The audit pattern: before launch, crawl the staging environment with the new templates pointed at production-equivalent URLs, and verify that every URL emits a canonical pointing at itself (or, intentionally, at a designated canonical target on the new site). The check is mechanically simple; what makes it commonly missed is that it falls between the SEO team (who do not own the template code) and the engineering team (who do not own the canonical strategy).

Schema Markup Loss as Silent Drawdown

The second commonly missed failure mode is schema markup loss. Legacy CMSs typically embed JSON-LD or microdata at the template level: Product schema on PDPs, Article schema on editorial pages, Organization and SiteNavigationElement schema on the masthead, FAQPage schema on certain landing pages. When a CMS swap happens, the structured data is often handled as a content concern (move the title, the body, the meta description) rather than a template concern (move the schema blocks).
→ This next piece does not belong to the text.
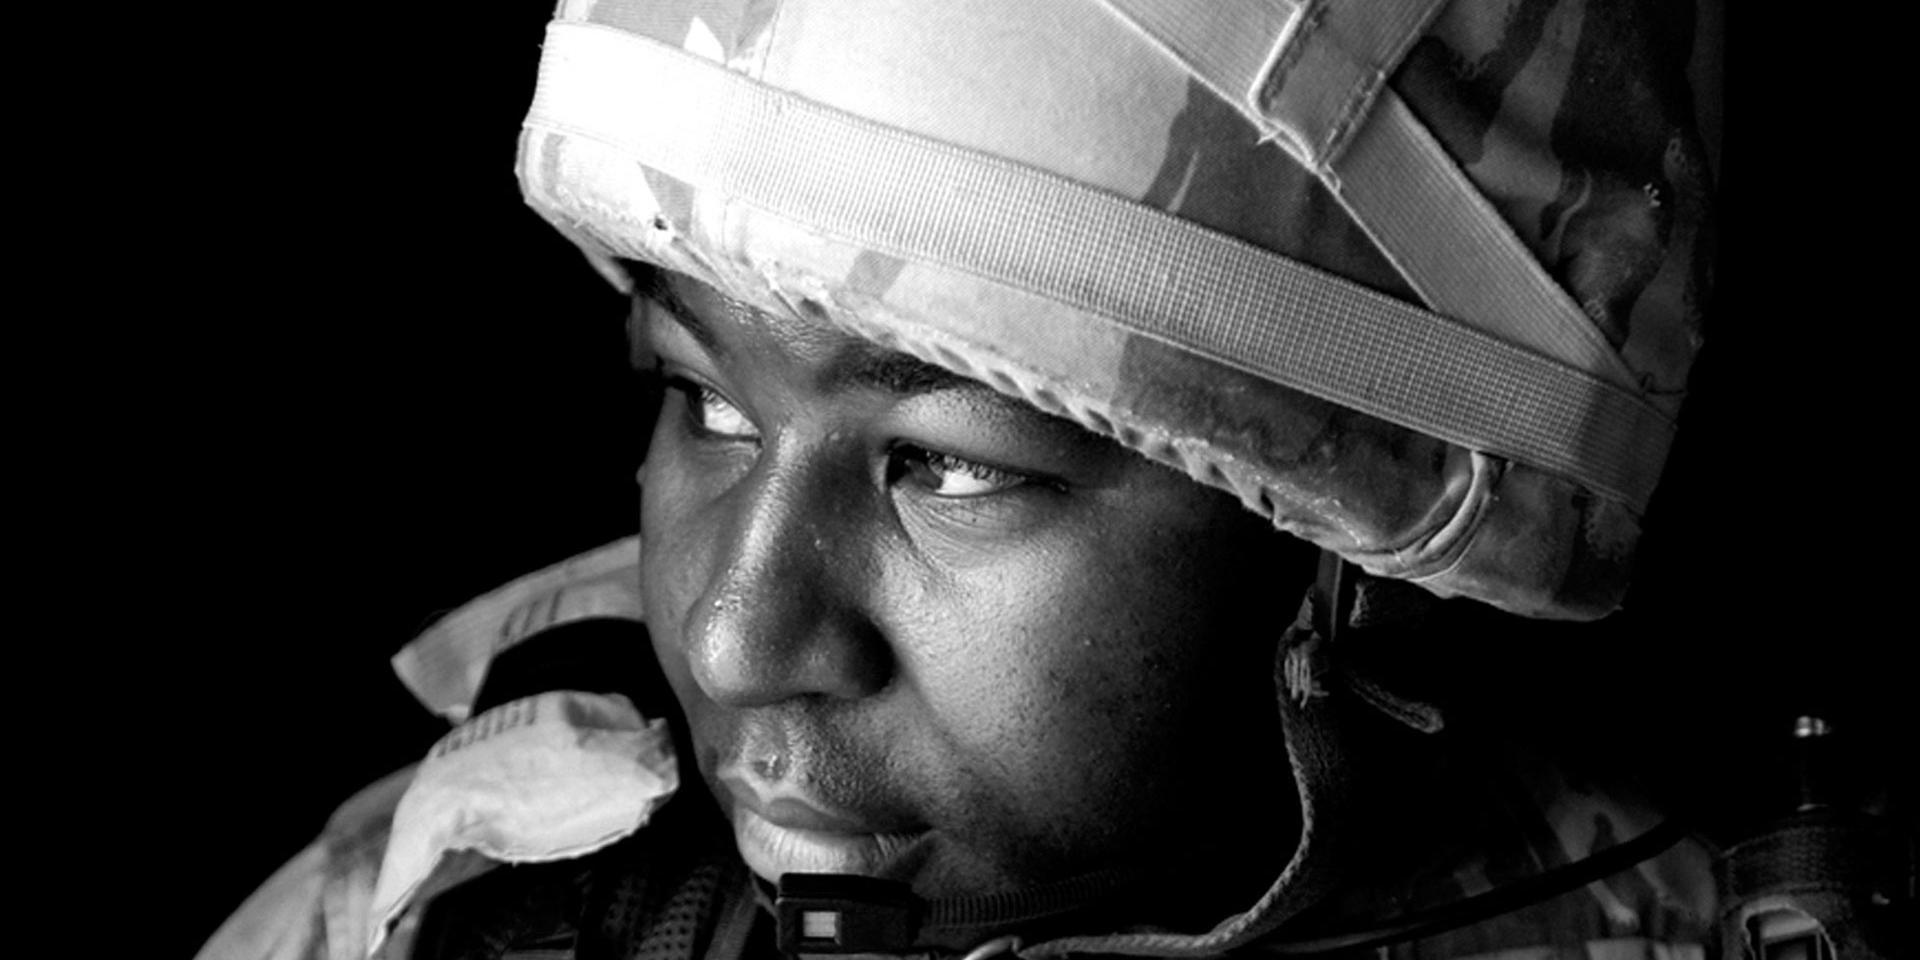 Reservist Sergeant Major Larry Davis serving as Community Liaison Officer in Iraq, 2004

The new design system, frequently component-based and built without a structured-data abstraction, simply does not emit them.

The traffic consequence is subtle. The pages still rank for their primary terms; the page-one positions hold. What disappears is the rich-result eligibility (review stars, FAQ accordions, sitelink searchbox, organization knowledge panel features) that drove click-through-rate on a meaningful subset of queries. Google Search Console's Enhancements reports flag the loss within a week, but the click-through-rate effect cumulates over months and is often misattributed to "seasonality" or "algorithm update" in the absence of a deliberate baseline.

In partner data, the click-through-rate drawdown from total Product schema loss on an e-commerce category ranges from 8 to 22% on queries that previously triggered rich results. The blended impact on total organic traffic depends on the share of traffic that came through schema-eligible queries (often 30 to 50% on large e-commerce sites, much less on editorial or SaaS sites).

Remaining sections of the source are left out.